I have just finished reading another of the six books that launched the Macmillan New Writing imprint in April. The fifth on my list was Selfish Jean by Cate Sweeney, and it turned out to be an absolute treat.
I must admit that I wasn't keen on the cover when I first picked this up - I'm not sure what the twirly thing represents - and I was expecting a kind of light "chick lit" book. I only had to read a few pages, however, and that fear disappeared. I read this in one sitting, which is very rare for me, as the writing had me by the neck and wouldn't let me go.
I think the novel is a master class in how an author needs to find an original "voice" and keep it going until the end. There are two distinctive story lines, broken up into separate sections, and each has its own style. There was a kind of sweet and sour feeling to this novel and it really worked.
Jean is fumbling through a dull relationship, becoming obsessed with the need to adopt a child, and ends up becoming attracted to the mysterious social worker assigned to their case.
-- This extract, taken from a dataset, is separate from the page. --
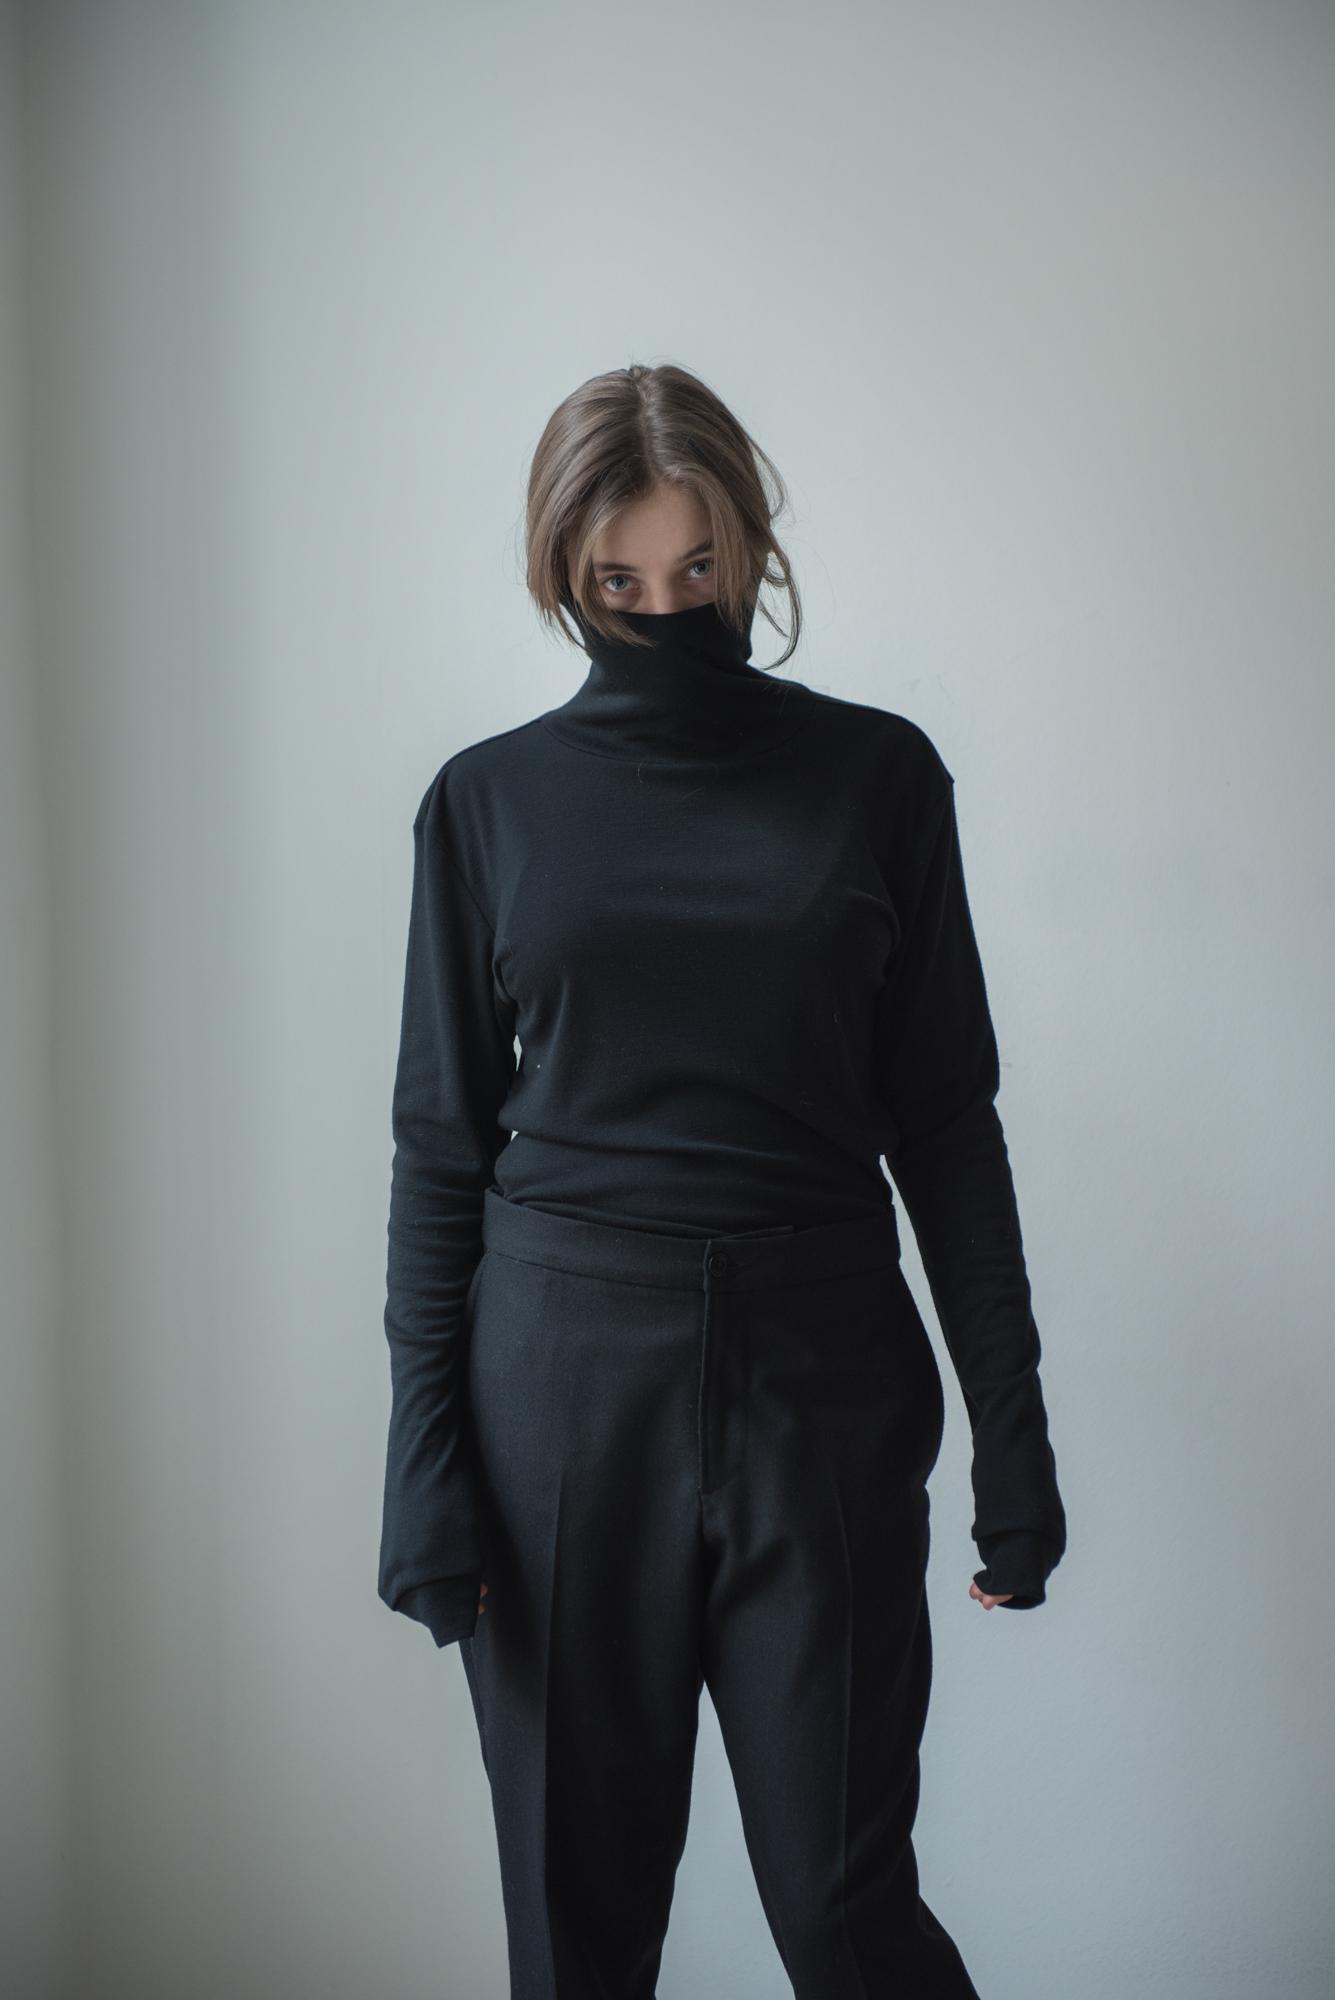 20180320_FashionWorkshop_Shoot0722_WEB_1.jpg

Her story is touching and funny, and I felt like I knew this woman by the end. The parallel story features Levi, a young boy trying to cope in an unhappy home with an unstable mother. I was gripped by this narrative, the "voice" of which is stunning. I was there with this child, feeling every bit of the angst.
It was also such a delight to read a book where all of the text was crucial to the story, where I didn't feel the urge to skip ahead to escape unnecessary detail. The humour and tragedy works well together, and the writing was fresh and accessible. The way things are tied up at the end was intelligent and inspired.
This is a short novel, only 218 pages, and I didn't want it to come to an end.